46 Name: Random Anime Otaku : 2007-11-14 11:02 ID:9HcqOAbA

Space elevators are silly, You could probably build a large space station (Don't even need that if you've got a low gravity moon) and a giant railgun on a mountain for 10% of the cost and materials required for one.

A lot of useful stuff here:
http://www.projectrho.com/rocket/

47 Name: Random Anime Otaku : 2007-11-14 12:47 ID:9HcqOAbA

Oh, And as to the visibility of lasers, I got to see one of the Tactical High-Energy Lasers the US Military is working on tested a couple years back, I didn't note any visible light but when we watched the videos in either IR or NV (I forget witch), We did see beam of light show up and hit the rocket.

48 Name: Random Anime Otaku : 2007-11-14 21:59 ID:Heaven

>>46 It's probably also safer.
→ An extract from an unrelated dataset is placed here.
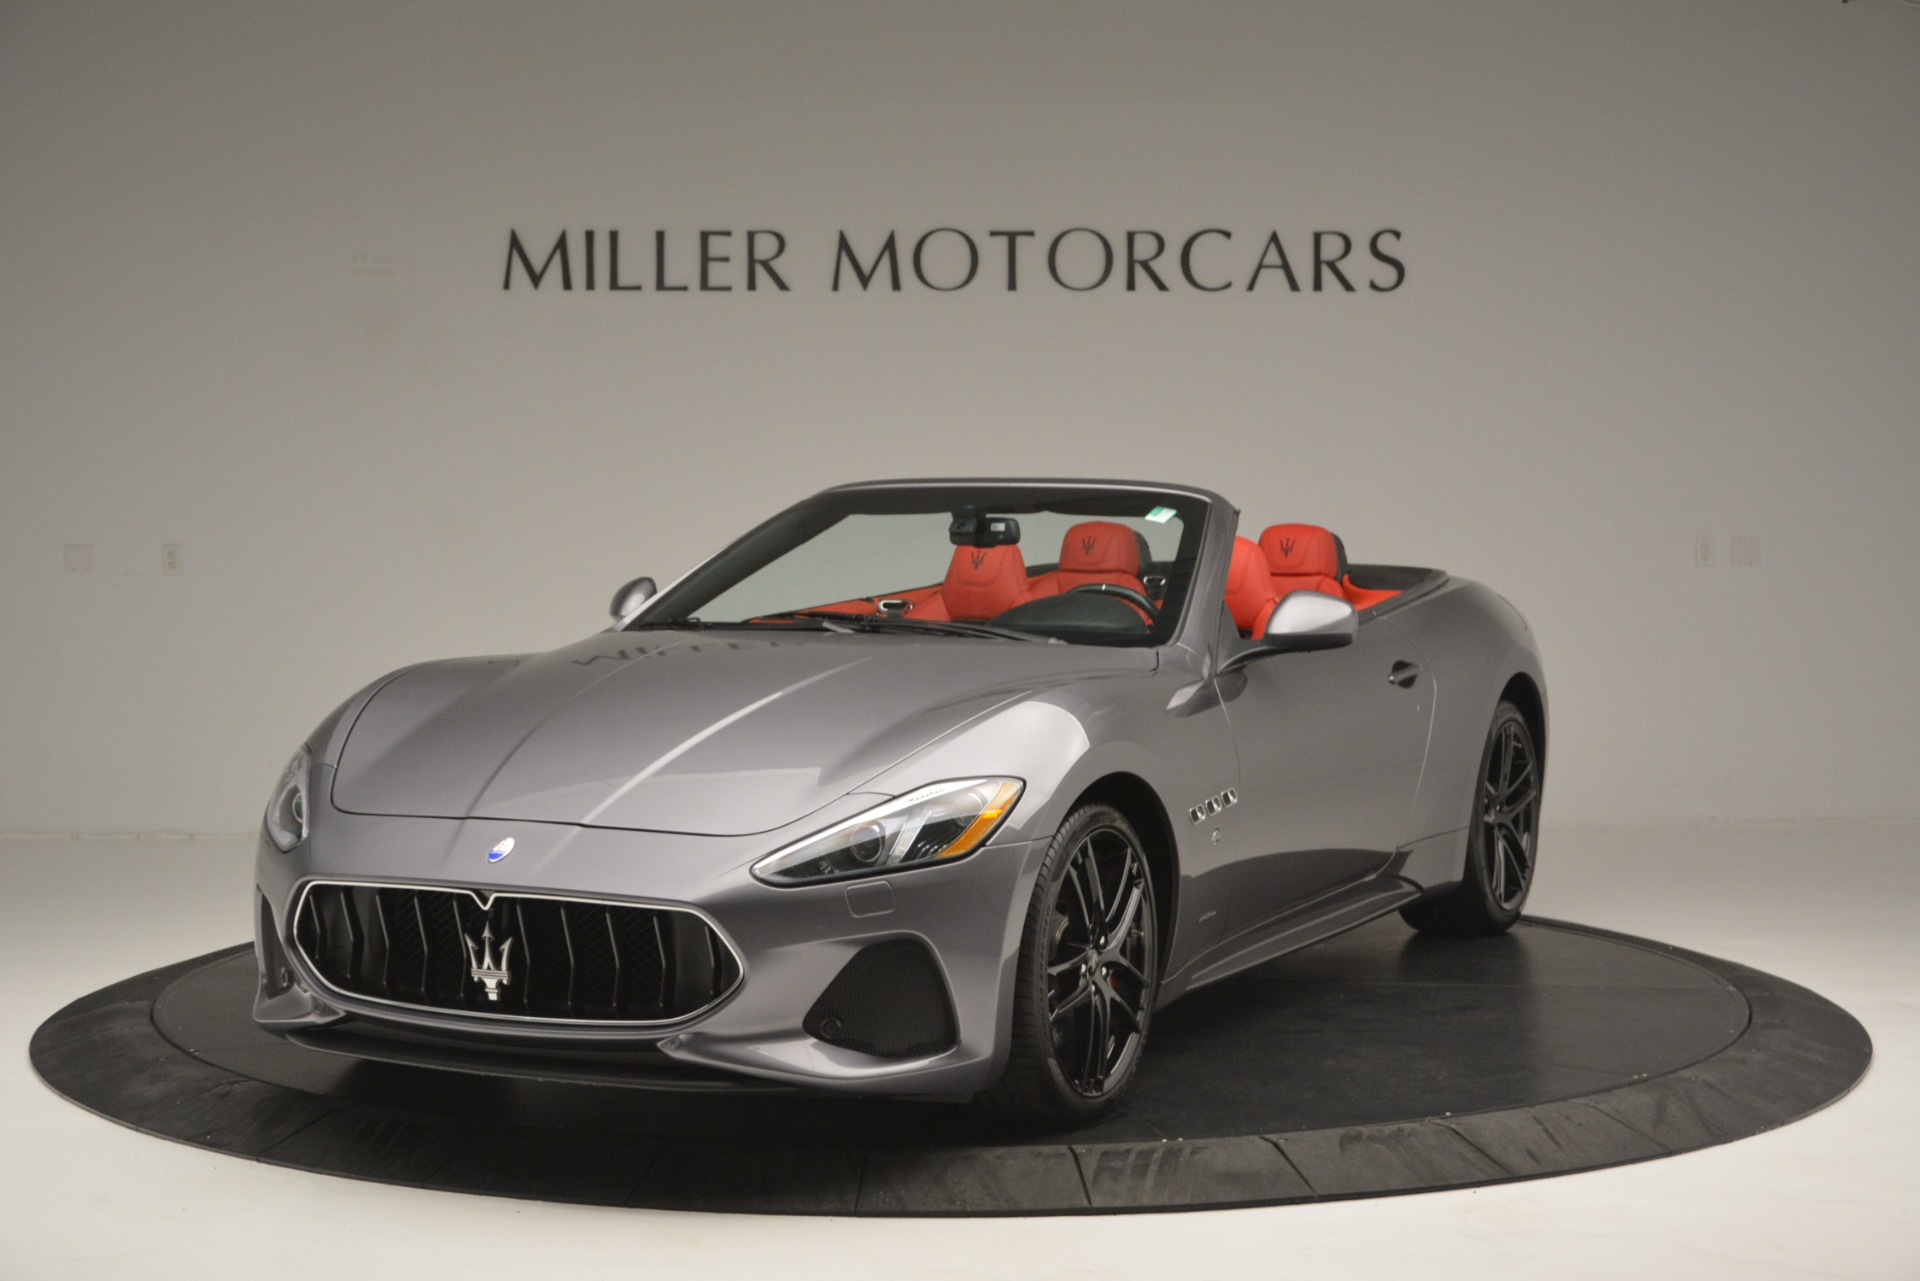 Used 2018 Maserati GranTurismo Sport for sale $102,900 at Bentley Greenwich in Greenwich CT 06830 1

Cut off the counterweight for the elevator and that's a whole lotta spaghetti wrapping itself around the Earth.

49 Name: Random Anime Otaku : 2007-11-15 23:57 ID:Heaven

>>48

It is generally estimated the cable would burn up when hitting the atmosphere.

50 Name: Random Anime Otaku : 2007-11-19 18:31 ID:Heaven

>>49
A burning spaguetti wrapping itself around the earth. Now that's a creepy mental image =)

51 Name: Random Anime Otaku : 2007-11-20 00:39 ID:Heaven

>>45
There was a similar idea in a Ben Bova book I read a while back called Mercury, IIRC it has something to do with solar wind hitting the ionosphere and generating static electricity.

52 Name: Random Anime Otaku : 2007-12-11 19:01 ID:o59EiwEi

You would hear anything that is touching the camera, and nothing that isn't. Therefore indoor views are bettar.